Beitrag von lionel »

Hallo Rosa,

hast schon Therapie(n) gemacht die dir geholfen haben bzw. hast du Techniken gelernt, um Impulse kontrollieren zu können? Vielleicht kann dir bereits gelerntes wieder etwas helfen.

Ich war 2018 auf Reha wo ich die Verdachtsdiagnose Borderline bekommen habe, was aber von meiner Psychiaterin zu Hause nicht bestätigt wurde und ich denke auch nicht, dass ich Borderline habe. Allerdings habe ich mich mit meiner Psychiaterin darüber unterhalten und sie meinte, dass Personen bei denen Borderline diagnostiziert wird ein (schweres) Trauma bzw. mehrere dahinter stecken.

Also ich denke nicht, dass Menschen so einen "Charakter" haben, hinter Persönlichkeitsstörungen liegen eigentlich immer Träumst, hoffe du hattest schon die Chance dich damit auseinanderzusetzen.

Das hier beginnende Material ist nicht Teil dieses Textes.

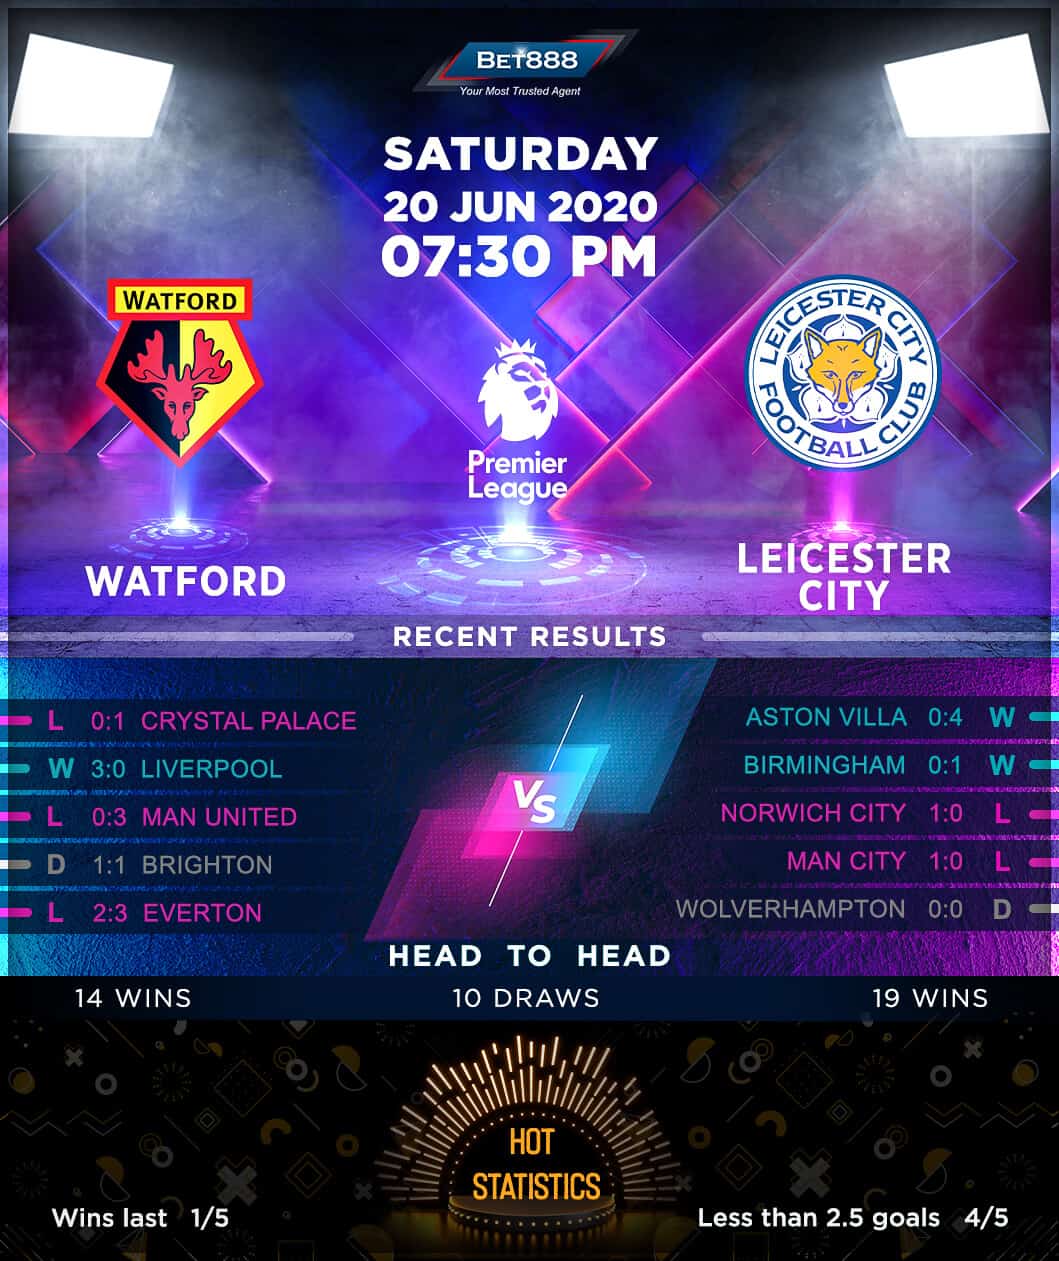 Watford vs Leicester City 20/06/20

Hoffe meine Nachricht ist nicht zu wirr...

Gute Nacht,
lionel
Anfang 2017:
Angstzustände, Schlafstörungen, Depression, Panikattacken.
März 2017:
Von meiner Psychiaterin verschrieben und genommen ab 10. März:
15mg Praxiten (Benzo) 2mal
25mg Sertralin für eine Woche...danach auch 50mg hochdosiert.
NW: große nicht aushaltbare Anspannung in der Nacht, Kopfschmerzen, starke Verspannung beim Genick und Hals, psychosomatische Symptome (Zuckendes Auge, Sprachstörungen, Verkrampfung der linken Gesichtshälfte, Muskeltonus links nicht kontrollierbar, Schwierigkeiten zu stehen.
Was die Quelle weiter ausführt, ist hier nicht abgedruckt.